On days that I take them I find I am relaxed, happy, pleasant towards my co-workers. I feel as though they let me be my normal happy self, free from the constant pain that otherwise leaves me irritable tearful and generally unpleasant to work with.
Some days I don't take them. I do this very deliberately, to see what its like without them. To try gauge how much I really need them. Those days have been difficult. I am slower at my job. I don't stay a second past my knock off time and I find I am in pain all day.
The pain killers I take are effective for about 4-6 hours, so even in the afternoons as they are wearing off I don't feel worried, because I know I am going home soon.
I don't take them at home or in the weekends.
I only seem to have needed them in the last two weeks as I have returned to the dreaded machine that caused my over use injury in the first place.
Anyway, I know this type of painkiller can become addictive. So as I am down to my last two, I find myself nervous about asking for more. The occupational health doctor never perscribes anything on repeat. And I have to go and ask (beg) every month for the next lot of anti-inflams, nerve calmny things, losec to take with the harsh anti-inflams and quality painkillers. The nerve calming things give you dry eyes and dry mouth but are supposed to help dampen the pain signals. The anti-inflams turn my stomach hence the need for losec. The only things that I feel work without side effects is the painkiller.
The pain killer feels like the only effective thing I have in my arsenal. They still haven't approved my acc (private acc type insurer actually, my work doesn't use acc) claim, its been months (since October 2010) and I got a letter two weeks ago saying they were still deciding. Perhaps they are afraid I want money? I don't want compensation, I want to keep working! I want effective treatment! Lack of acc approval means I am limited to what treatments I can afford. I can get physio at the hospital for free thank goodness. However some of the treatments I have received have been less than ideal (juggling therapy anyone?)
My private health insurance wont cover anything unless its absolutely sure work insurance/ACC (whatever) wont cover it. I end up with little choice into how my injury is actually treated. Its dis-empowering and depressing. I am just about ready to cash in my meagre savings for some private treatment and second opinions.
My occ health doctor, who does he work for? His main job is to keep hospital staff off acc and in work, or so my boss says. So what does that really mean? He doesn't work for his patients best interests? Perhaps Occupational health doctors should be independent contractors because I don't really trust him. (It turns out he's part of the panel that approves/disproves my claim.)
I have never had a proper diagnosis. At first it was definitely muscular, when I laid down for my first physio treatment it was obvious which shoulder was in pain, without even touching it.
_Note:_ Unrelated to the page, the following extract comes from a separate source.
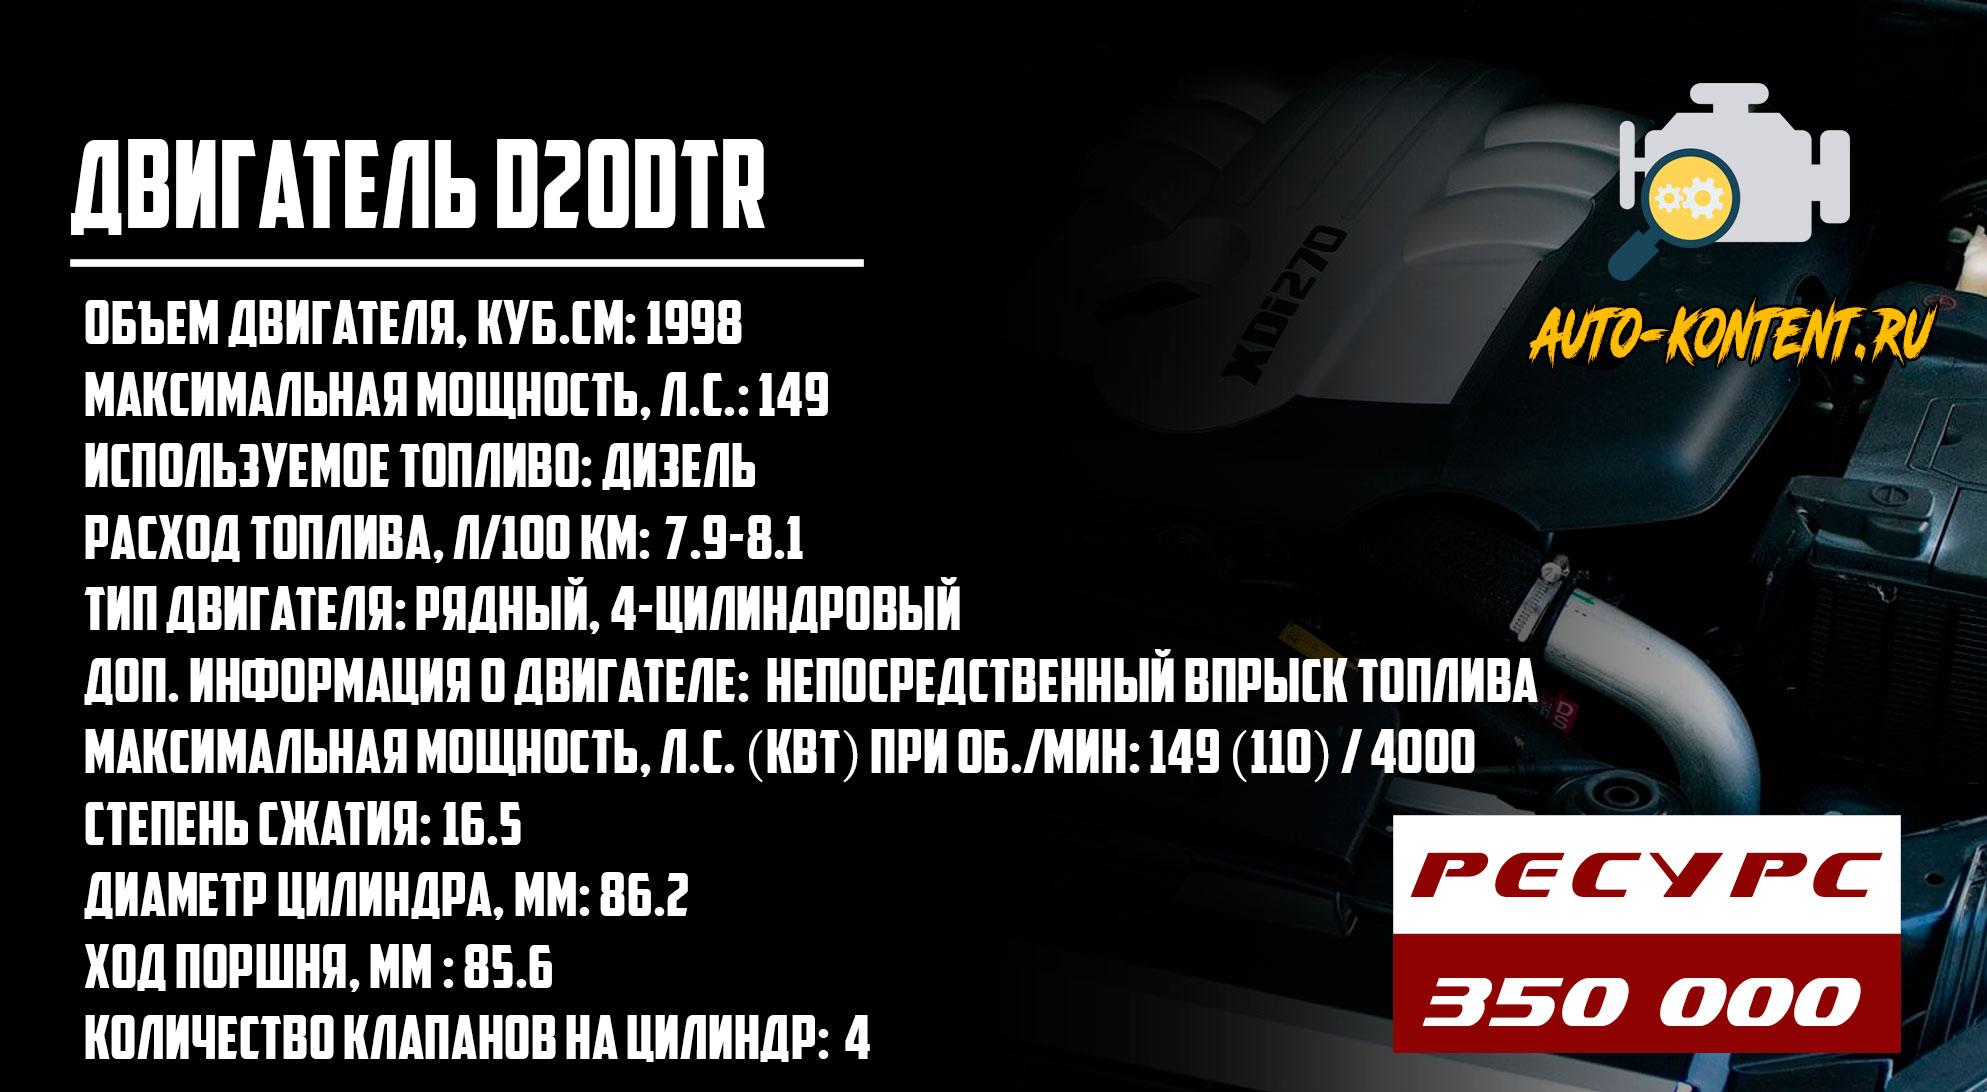 D20DTR

A swollen and raised shoulder blade was fairly obvious. Now they say its just a pain issue, Just a PAIN issue? wtf. I think I damaged my subscapularis muscle.Sprain or tear or aggravation I don't know. Anyway all the exercises they gave me in the beginning made things a lot worse. Imagine having a sprained ankle and being told a couple of games a of tennis a week should fix it right up. I think it should have been immobilised and rested. But in the beginning I was advised to continue as normal.
My right hand grip is now weaker than my left, for a right handed person this is highly unusual. I cannot do a lot of my normal activities. (This leads to sadness.)
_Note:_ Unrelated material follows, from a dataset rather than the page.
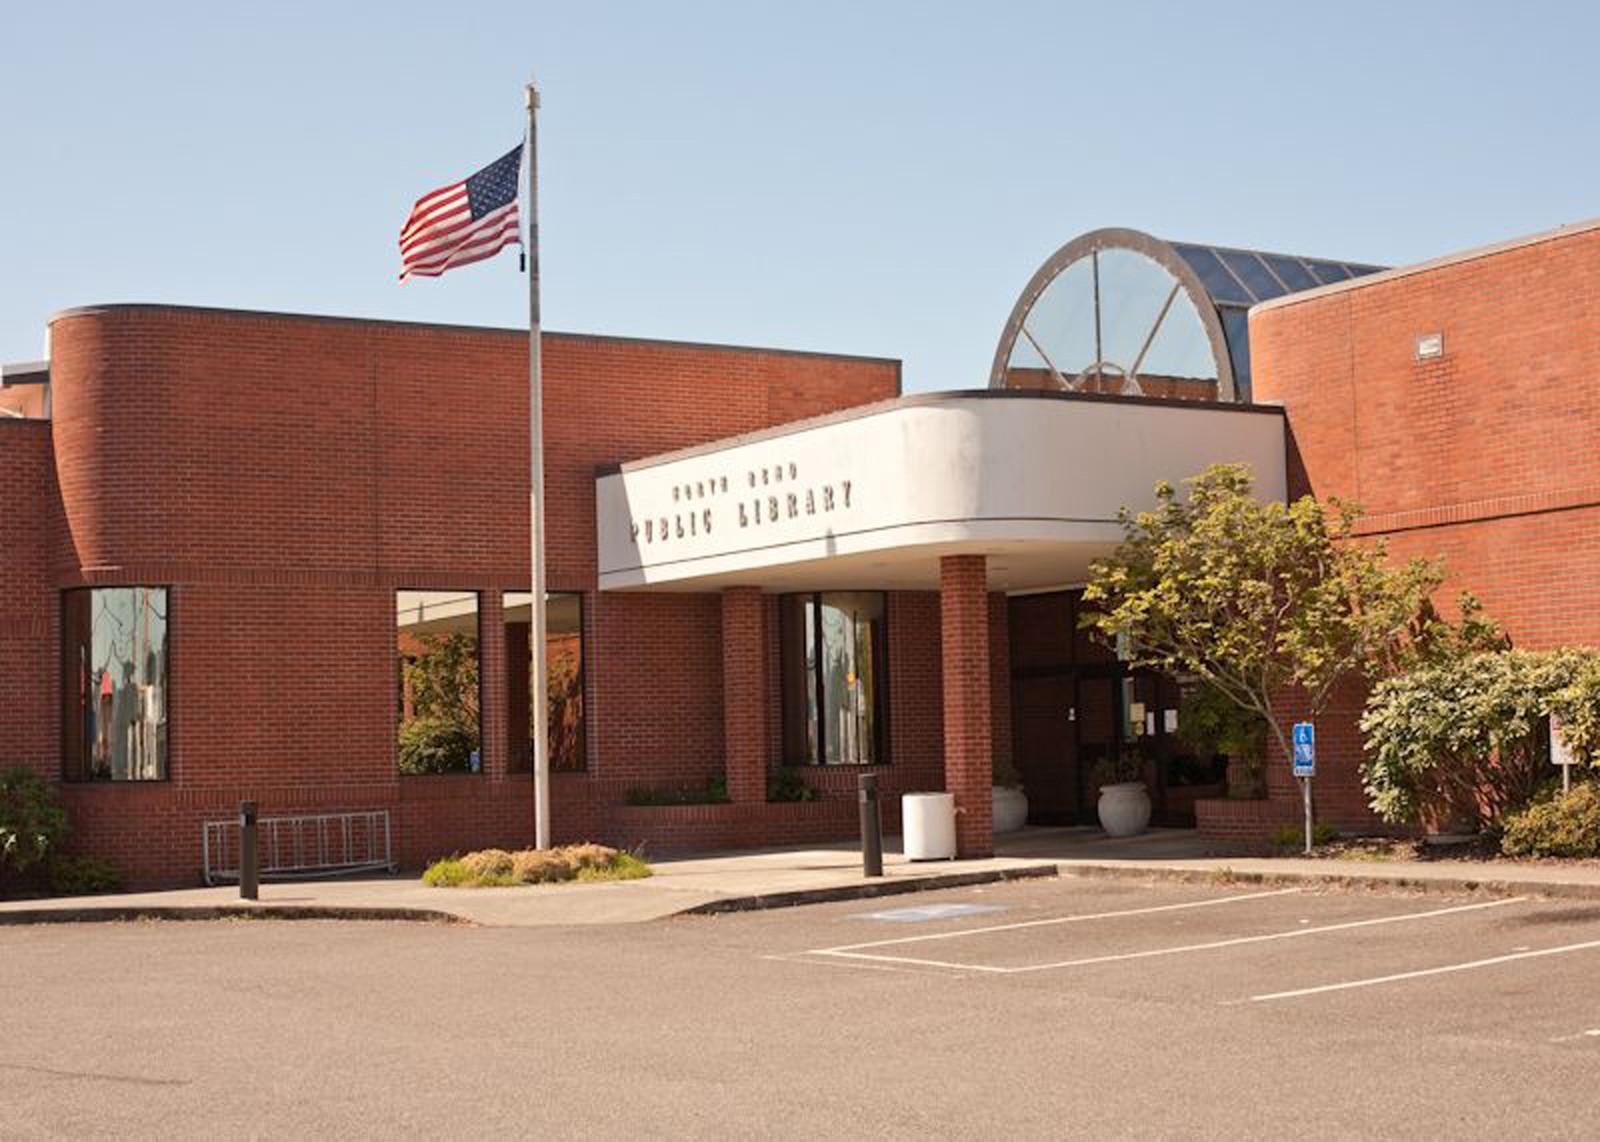 Fachada da biblioteca de North Bend, no Oregon (Foto: North Bend Public Library/Facebook)

I just pretend at work that I feel fine, I try anyway. Chronic pain can't be "seen" I suppose and is difficult to sympathise with. I just tell my co-workers I'm fine. People get sick of hearing anything else. The correct answer is "fine, thanks" and finish with a smile. Sympathy only lasts for a short amount of time in the work place anyway. They are kind people, and they ask after my shoulder, "How is your shoulder?" but why should I burden them with the truth? They just want to be kind and asking shows concern, but beyond that.... what can they do or help with. I appreciate it every time they ask after me. But I refuse to unload my pain onto them any more. I sound like a broken record. (A crazy broken record)
This whole thing has turned me into a crazy person. I feel emotionally weak, I have lost all my resilience.
I am not me any more. I don't think I have been for some time.